Doors to the Unknown
- Cover
- Genre: Role-playing games
- Publisher: TSR
- Media type: Boxed set

= Doors to the Unknown =

Doors to the Unknown is an accessory for the 2nd edition of the Advanced Dungeons & Dragons fantasy role-playing game.

==Contents==
Doors to the Unknown is a short adventure campaign involving four 'blink portals' which appear in Sigil every 500 years and disappear again after two months. The player characters would need to explore these portals and discover their secrets, which may involve restricted planes inhabited by powerful hyper-real monsters, and origins with the death of the god Aoskar by the Lady of Pain.

==Publication history==
Doors to the Unknown was published by TSR, Inc. in 1996.

==Reception==
Trenton Webb reviewed Doors to the Unknown for Arcane magazine, rating it a 6 out of 10 overall.
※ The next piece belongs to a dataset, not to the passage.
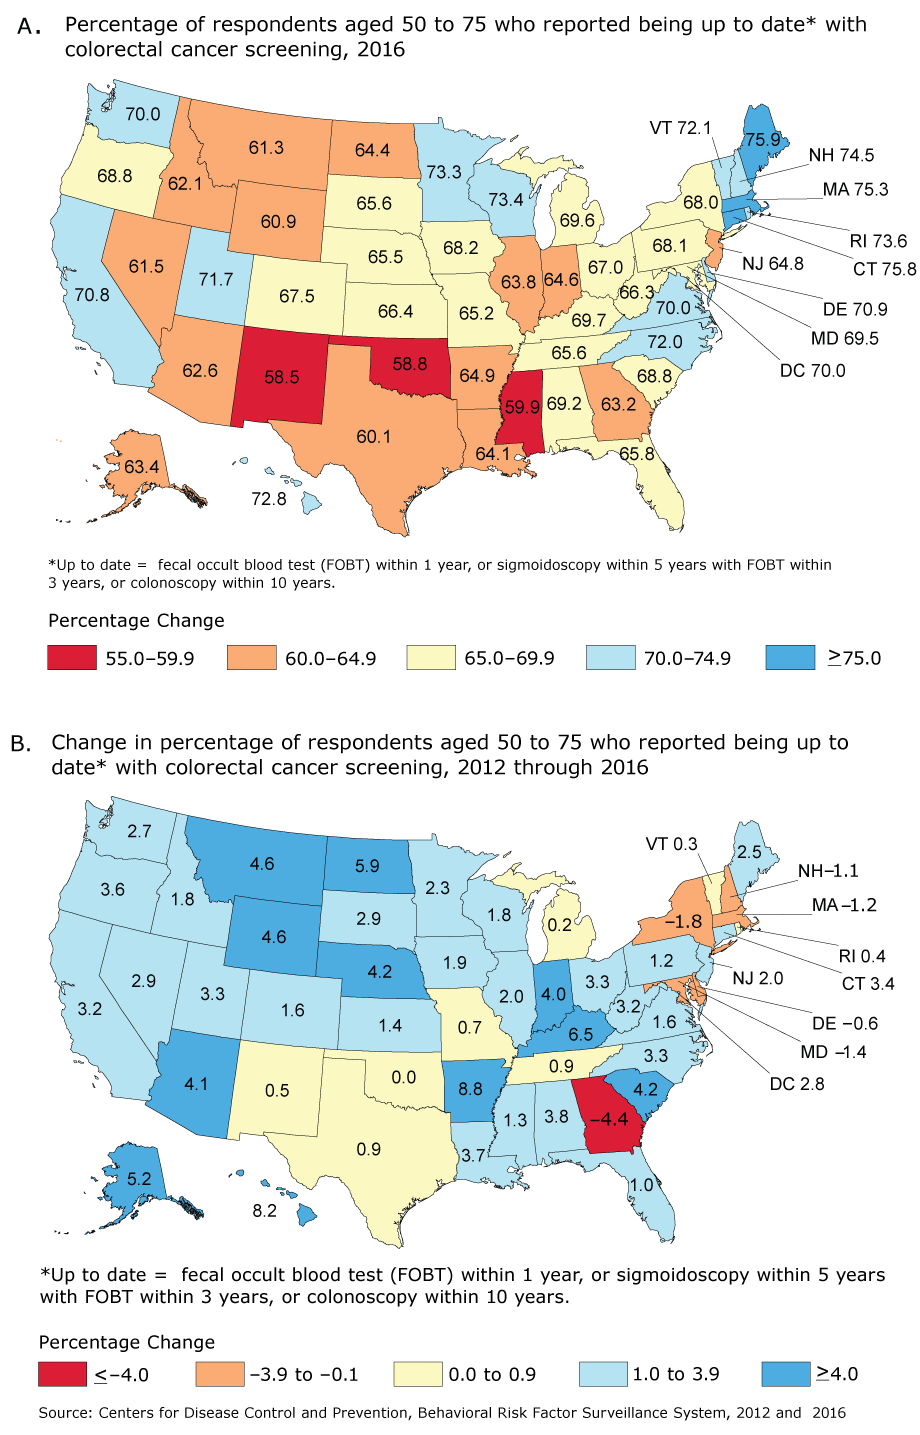 Progress toward increased use of colorectal cancer (CRC) screening tests, by state. A. Percentage of respondents aged 50 to 75 who reported being up to date with CRC screening in the 2016 Behavioral Risk Factor Surveillance System (1). The percentage up to date for the United States overall was 67.3%. B. The absolute change in percentage of respondents aged 50 to 75 who reported being up to date with CRC screening from 2012 through 2016, by state, Behavioral Risk Factor Surveillance System, 2012 (2), 2016 (1). Up to date is defined as having had a fecal occult blood test (FOBT) within the past year, sigmoidoscopy within the past 5 years with FOBT within the past 3 years, or colonoscopy within the past 10 years. Source: CDC Behavioral Risk Factor Surveillance System (BRFSS), BRFSS, 2012 and 2016 (1–2).

He commented: "In the early '70s there was a spate of low-budget multi-story horror films where four people were thrown together to tell their tales in turn. Doors to the Unknown borrows this format and suffers from the nagging suspicion - the creators had loads of good ideas but no great ones." He stated: "The challenges are classic Planescape: find the keys to the portals, dive through, do a deed and get back. An extra gulp factor is added with the fact that these portals kill non-key holders, and that after exactly two months they close for another 500 years - so if you're not back by then it's game over." Webb continued: "Each of the portals leads to a unique mini-plane that poses specific challenges, three of which are good fun. The universe's junkyard, a hyperreal jungle and future-world of Logicus Prime all provide very different takes on 'standard weird planes'. Even the dull cave crawl that forms the fourth plane is spiced up considerably with a healthy dose of backstabbing intrigue." He added: "The overall plot that is supposed to fuel the whole campaign doesn't really have the narrative cohesion that's required, though. Players who are going to have other things on their mind - such as getting back home - aren't given enough clues or guidance." Webb concluded his review by saying, "The vagaries of Planescape are one of its true blessings, because it enables games to be played in a fast 'n loose style, which is why it's imperative that recognisable core themes are maintained, and why Doors to the Unknown fails. It serves up four mini-adventures which fail to coalesce into the single great adventure it wants to be."